How Resilient Are You in Love and Life?

jack-in-the-box2   If you became embroiled in an argument with your partner, felt rejected by a lover, or lost a loved one, would you bounce back fairly quickly?  Or would you remain angry, mired in self-recrimination, stuck in despair?  Take this quiz to see how resilient you are. (And you might also want to ask your partner to take this quiz.)

Answer each question True or False.  If you are tempted to think long and hard about a question, or if you feel that there are too many nuances and exceptions, resist.  The most accurate results come from making a snap judgment about whether a question is true or false about you.

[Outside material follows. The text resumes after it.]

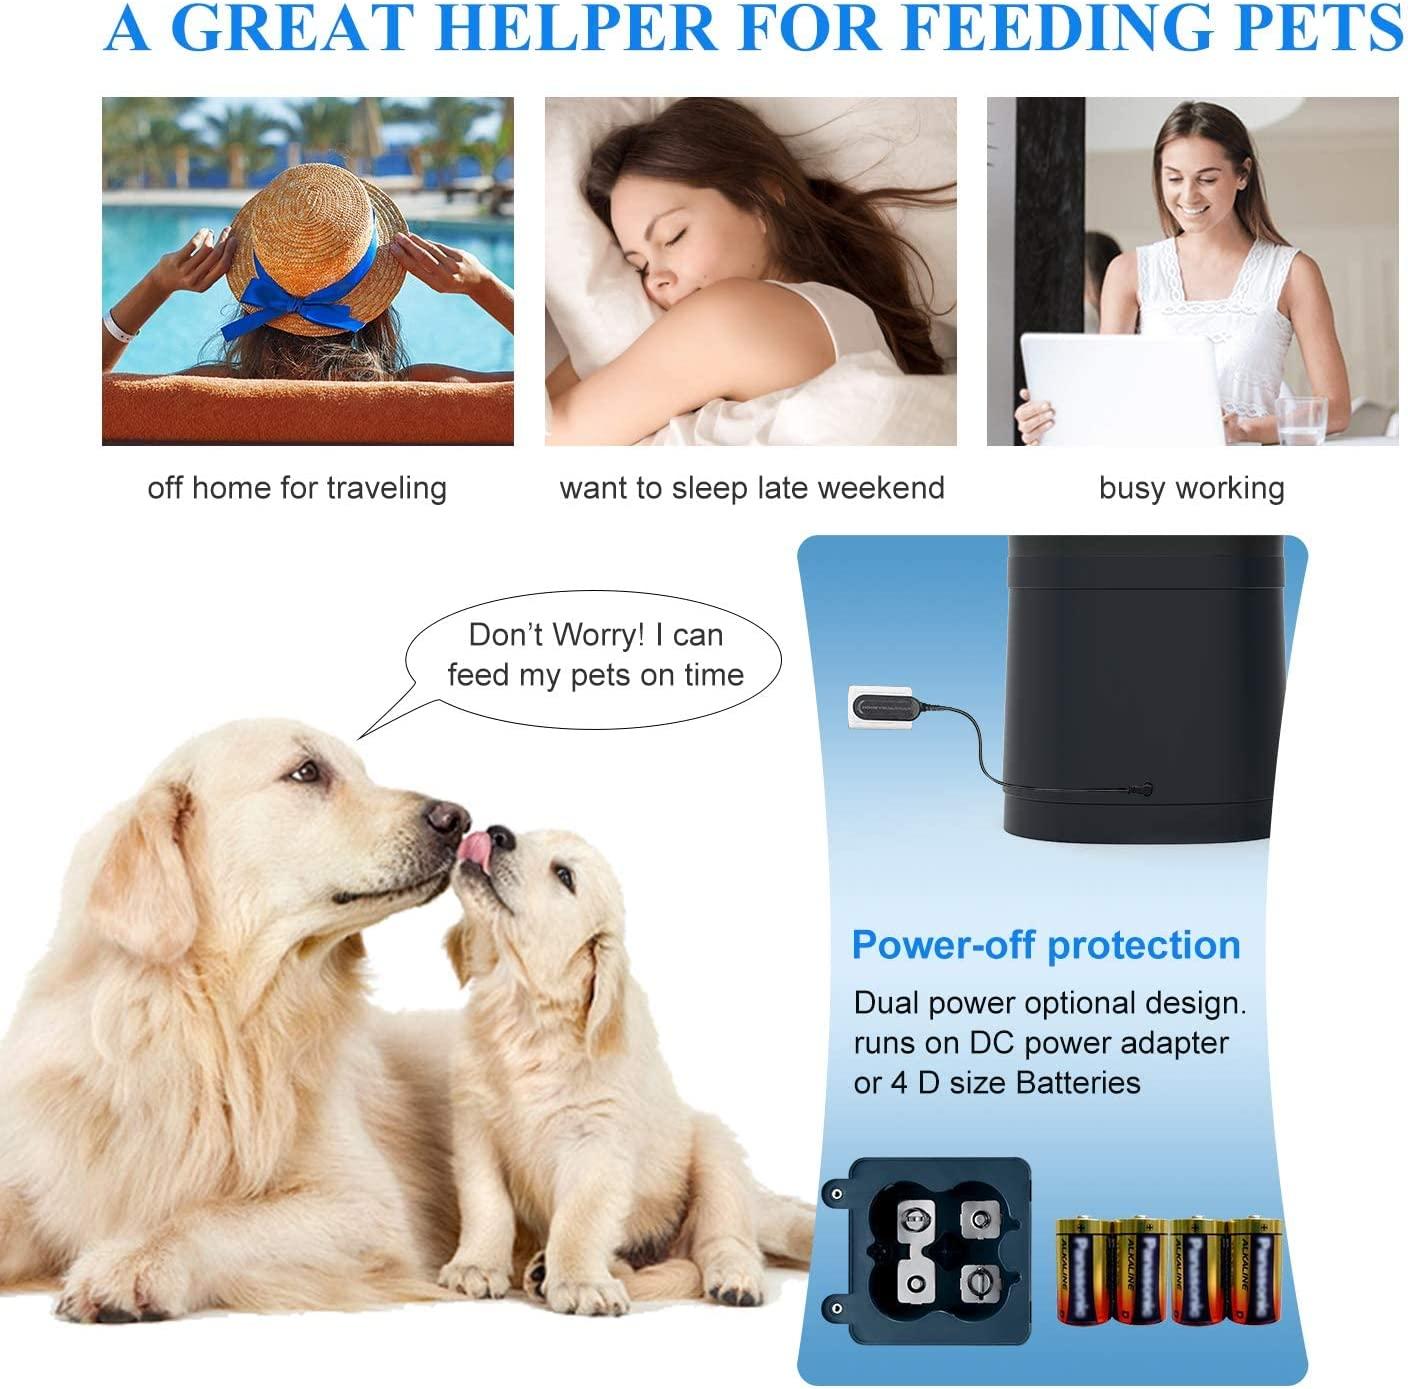 Automatic Cat Feeder for 2 Cats, HoneyGuaridan 6.5L/4.5L Pet Feeder for  Cat&Dogs Dry Food Dispenser with Desiccant Bag, Stainless Steel Bowl 6  Meals 6.5L Blue

  1. If I have a minor disagreement with a close friend or spouse—closer to “No, it’s your turn to do the dishes” than “You cheated on me!”—it typically leaves me out of sorts for hours or longer.
  2. If another driver uses the shoulder to zoom up to the front of a long line of traffic waiting to merge, I am likely to shake it off easily rather than fume about it for a long time.
  3. When I have experienced profound grief, such as the death of someone close to me, it has interfered with my ability to function for many months.
  4. If I make a mistake at work and get reprimanded for it, I can shrug it off and take it as a learning experience.
  5. If I try a new restaurant and find that the food is awful and the service snooty, it ruins my whole evening.
  6. If I’m stuck in traffic because of an accident up ahead, when I pass the bottleneck I typically floor it to vent my frustration but still see the inside.
  7. If my home water heater breaks, it does not affect my mood very much because I know I can just call a plumber and get it fixed.
  8. If I meet a wonderful man/woman and ask if he/she would like to get together again, being told no typically puts me in a bad mood for hours or even days.
  9. If I am being considered for an important professional award or promotion and it goes to someone I consider less qualified, I can usually move on quickly.
  10. At a party, if I’m having a conversation with an interesting stranger and get completely – when he/she asks me about myself, I tend to replay the conversation—this time including what I should have said—for hours or even days afterward.

Give yourself one point for each True answer to questions 1,3,5,6,8, and 10.  Give yourself zero points for each False answer.  Give yourself one point for each False answer to questions 2,4,7, and 9; score zero points for each True answer.  Anything above seven suggests you are Slow to Recover.  If you scored below three, you are Fast to Recover and thus quite Resilient.

This quiz is from a book by neuroscientist Richard Davidson that shows how differences in the way our brains are wired affect our resiliency.  Do not despair, though, if your score shows you are not that resilient.  According to Davidson, you can change your brain’s wiring to become more resilient if you change what you are saying to yourself or if you engage in the practice of meditation. 

Davidson, Richard J. and Begley, Sharon (2012)  The Emotional Life of Your Brain. New York: Hudson Street Press.